第71回国連総会

第71回国連総会とILO:権利を基盤とし、人を中心に据えた取り組みに向けた活動の増大を図る

記者発表 | 2016/09/19

 「持続可能な開発目標:皆が一丸となって私たちの世界を変えるために一押し」をテーマにニューヨークの国連本部で2016年9月13日に開幕した第71回国連総会は、2015年に採択された「持続可能な開発のための2030アジェンダ」の実現に向けて国際社会がこれまでに手がけた事項とこれからの活動を詳しく検討していくことになっています。議長に選出されたフィジーのピーター・トムソン大使は、就任に際しての宣誓で「本第71会期は、17の持続可能な開発目標すべての実施における進行を目撃する年としなくてはならない」と述べて決意を表明しました。

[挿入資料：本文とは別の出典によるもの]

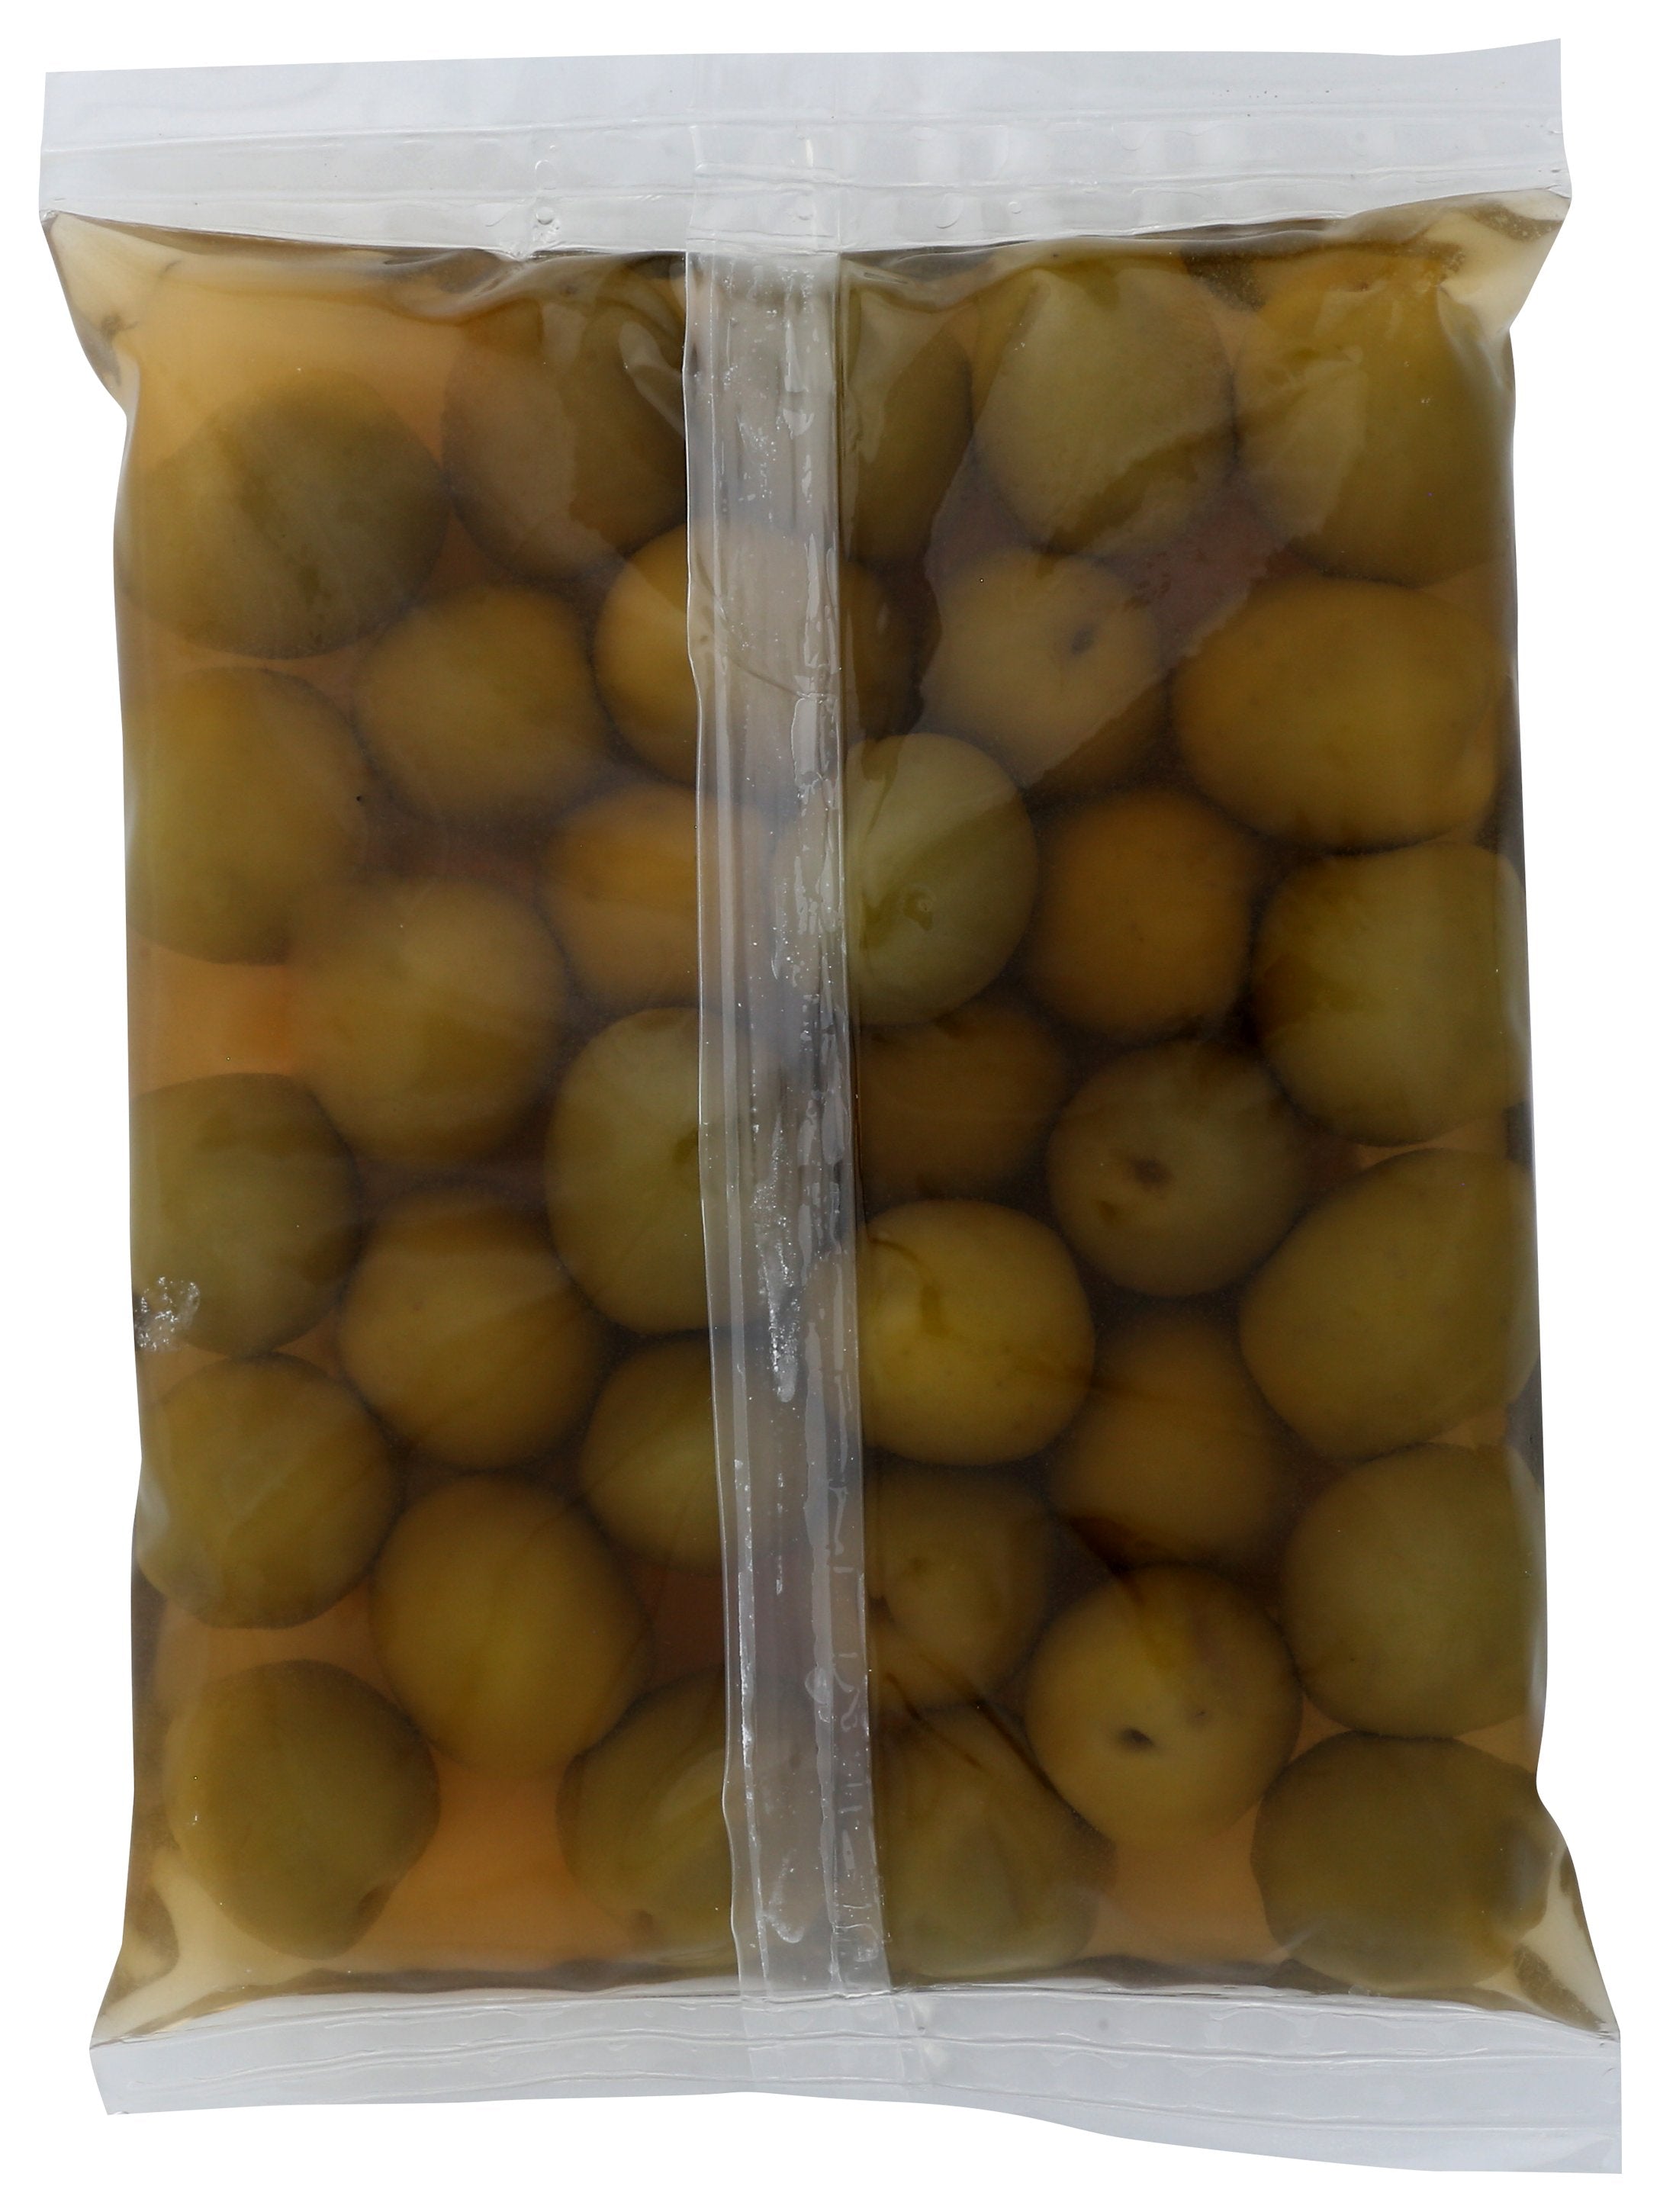 DIVINA POUCH OLIVES CASTLVTRANO - Case of 18

 議長週間の冒頭を飾るものとして、9月19日には難民と移民に関するサミットが開かれ、国際的な対応を改善する青写真を定めることが予定されています。最も脆弱な集団の一つに数えられる移民は現在、世界人口の3%以上を占めると見られます。今年5月に発表された国連事務総長報告を討議のたたき台とするサミットは、国際的な人の流れの統治を強め、移民と難民の大きな動きにより良く対応し予測可能な仕組みを形成するまたとない機会を提供する画期的な瞬間であると言えます。このイベントを補足するものとして、アメリカのオバマ大統領も難民リーダーズ・サミットを主催し、各国政府が難民の悲哀に取り組む新たな公約を誓う場を提供する予定です。話し合いの優先事項には、進行中のシリア紛争とそれによって引き起こされた難民危機などが含まれると見られます。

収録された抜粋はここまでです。